Prominent Cuban dissident allowed to visit Argentina

©

Latest update : 2009-06-13

Prominent Cuban neurosurgeon Hilda Molina has said she received permission to leave Cuba to visit family in Argentina, 15 years after breaking ranks with former leader Fidel Castro over the communist-ruled nation's healthcare system.
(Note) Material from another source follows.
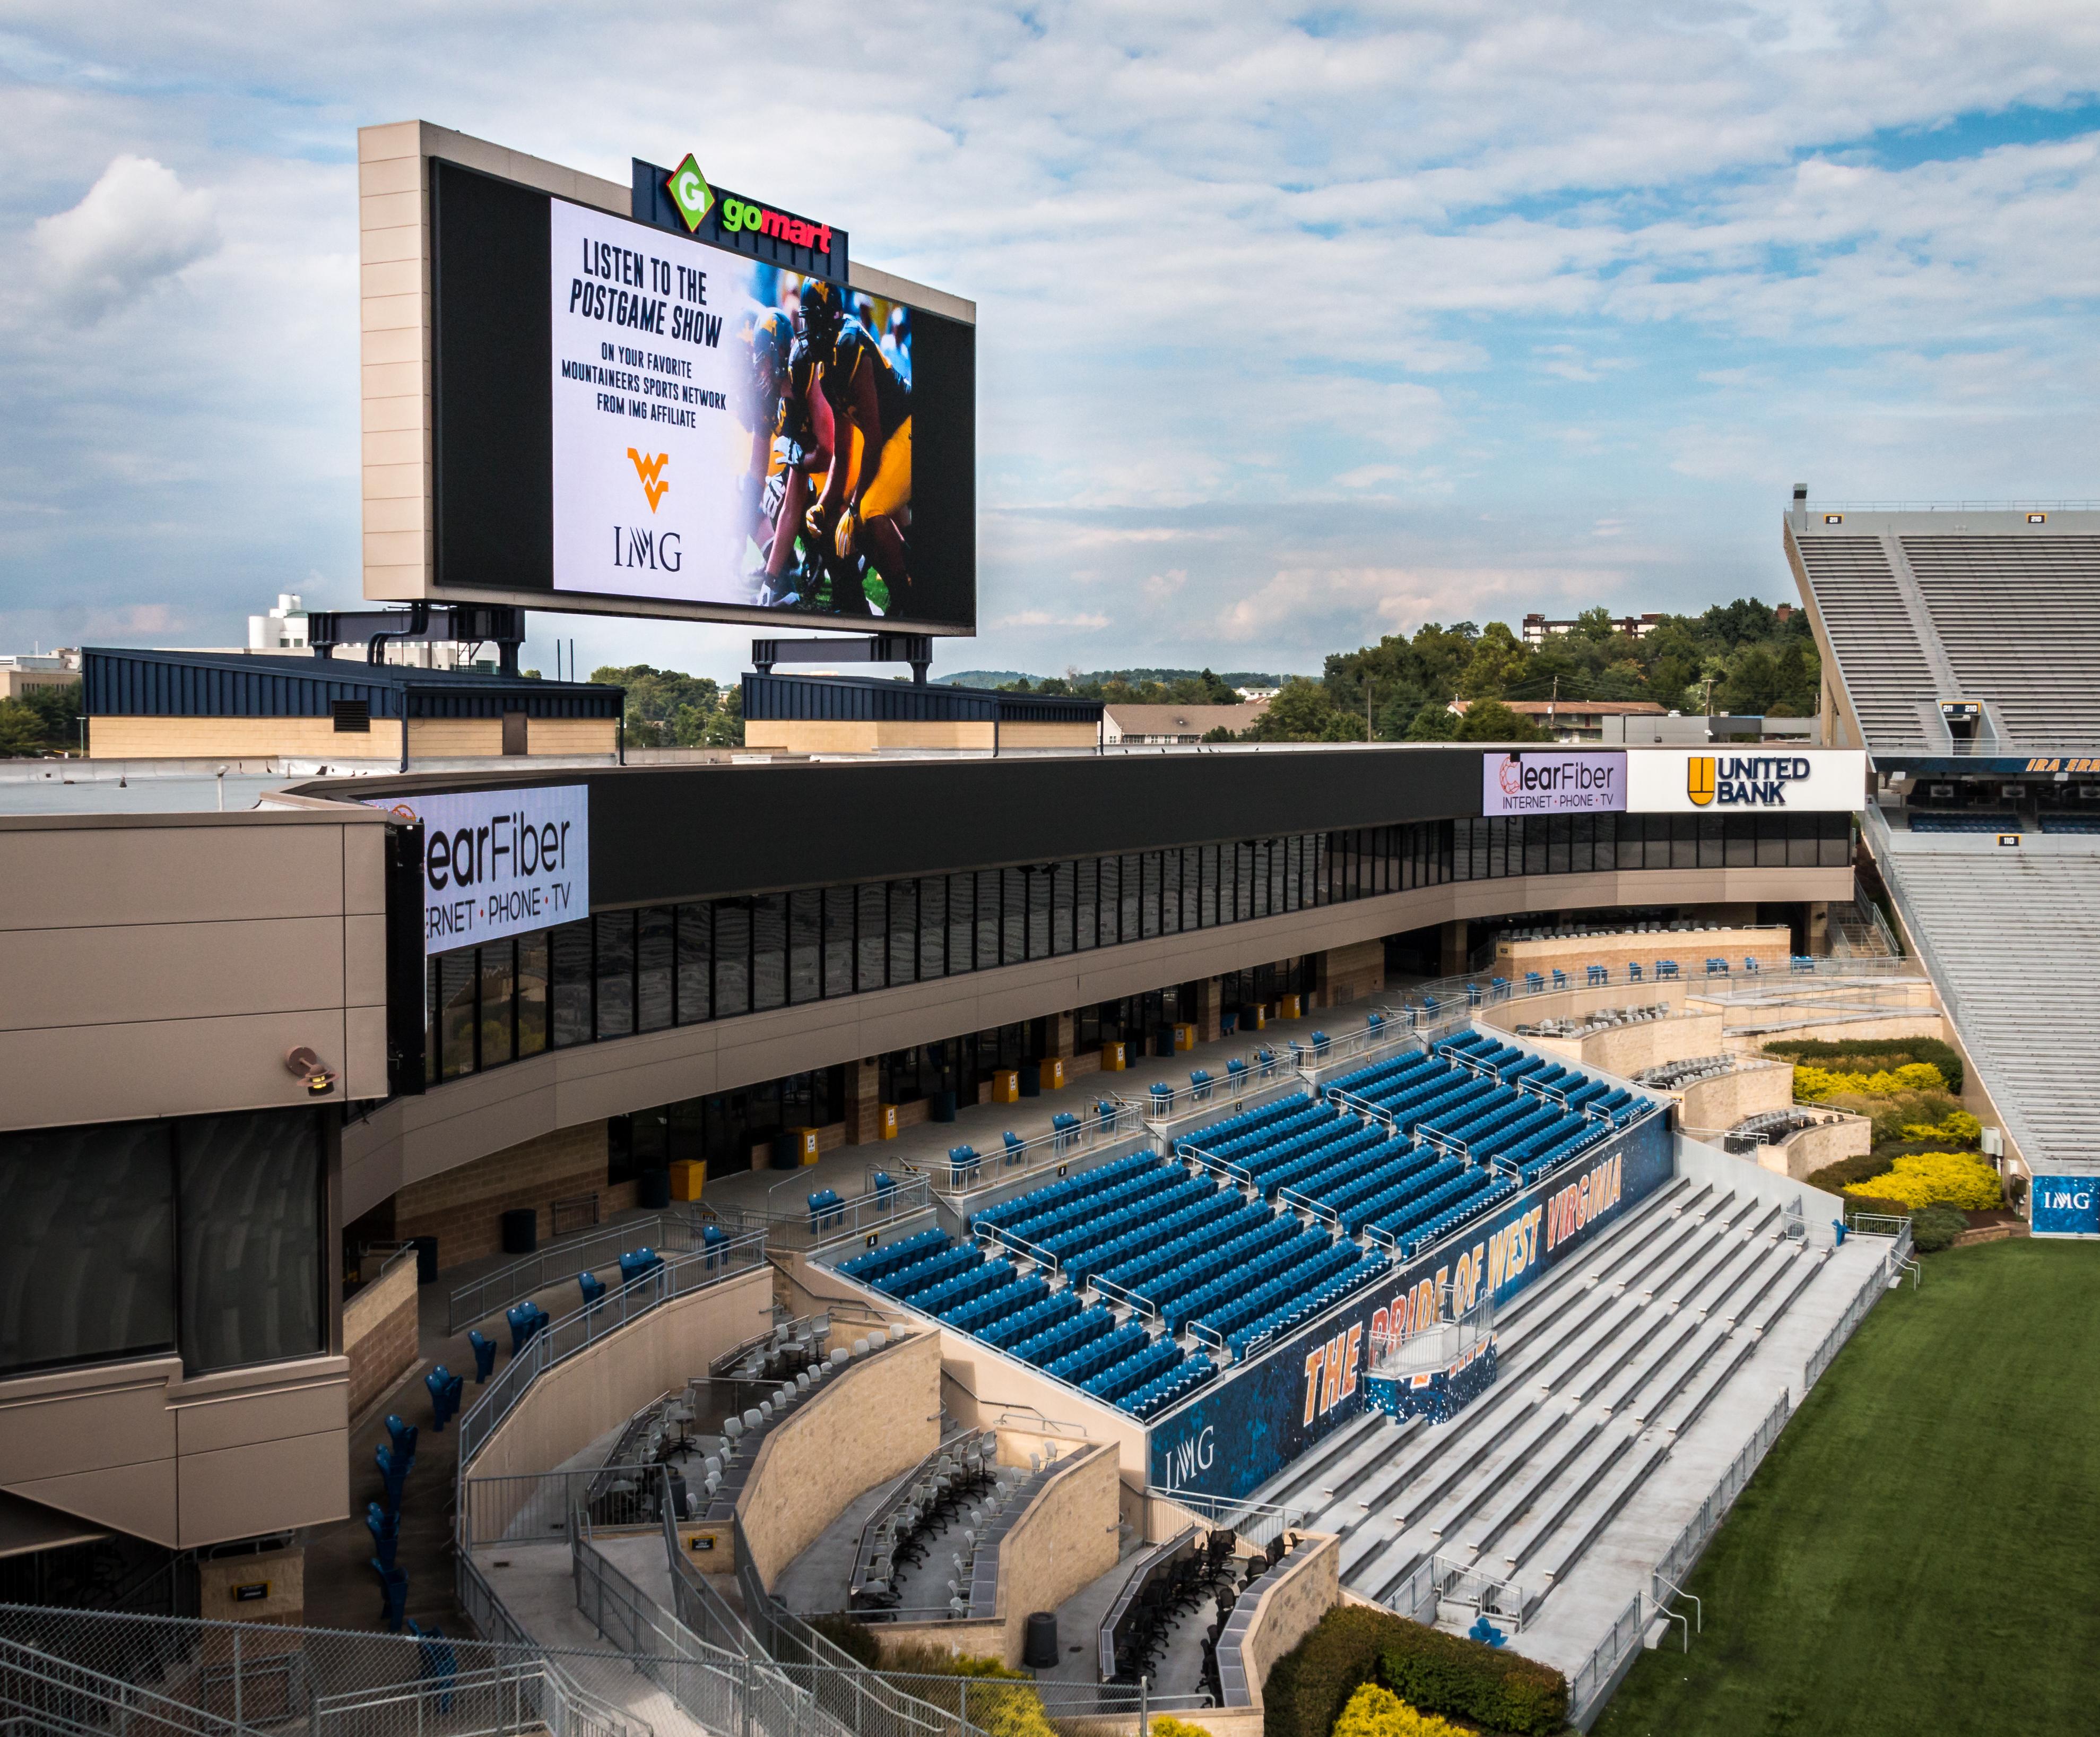 Puskar Stadium Scoreboard 8-30-17-8-8

AFP - Cuban dissident Hilda Molina has been cleared to leave the island to travel to Argentina, where her mother, son and grandchildren live, President Cristina Kirchner told reporters on Friday.
  
Molina, 65 -- an internationally recognized neurosurgeon, former member of Cuba's Communist Party and an ex-lawmaker -- has been fighting Cuban authorities since 1994 for the right to visit family in Buenos Aires.
  
"We appreciate this important gesture by President Raul Castro's government," Kirchner said.
  
She "already has a passport issued by Cuban authorities and also permission to leave the country for Argentina," the president said.
  
Molina is renowned as a pioneer in the transplant of fetal stem cells into the brains of patients with Parkinson's disease. She ran afoul of President Fidel Castro's Communist regime in 1994 when she raised ethical concerns about the process.
  
Facing persecution for her beliefs, she renounced her Communist Party membership and joined a dissident doctors' group.
  
In Havana, Molina said Cuba's move allowing her to travel was a "civilized, logical and rational act."
  
"Everyone knows my criticism against the Cuban government ... now when I say that I want to see my son, that has no political connotation," Molina said.
  
Molina also said that she wanted to see her ailing aged mother, Hilda Morejon, 90, who was allowed to travel to Argentina in 2008.
  
Molina will fly out on a commercial flight on Saturday, Cuban officials said.
  
Cuban political dissidents were unimpressed with the government's move.
  
Vladimiro Roca, a leading voice in the dissident community, derided it as a "minimum act of humanity," and said it was more akin to the release of a hostage than any gesture.
  
Another prominent dissident and friend of Molina, Martha Beatriz Roque, said that the authorization was neither an achievement of the Kirchner administration nor a gesture from the Cuban government because it was brokered by the Catholic church.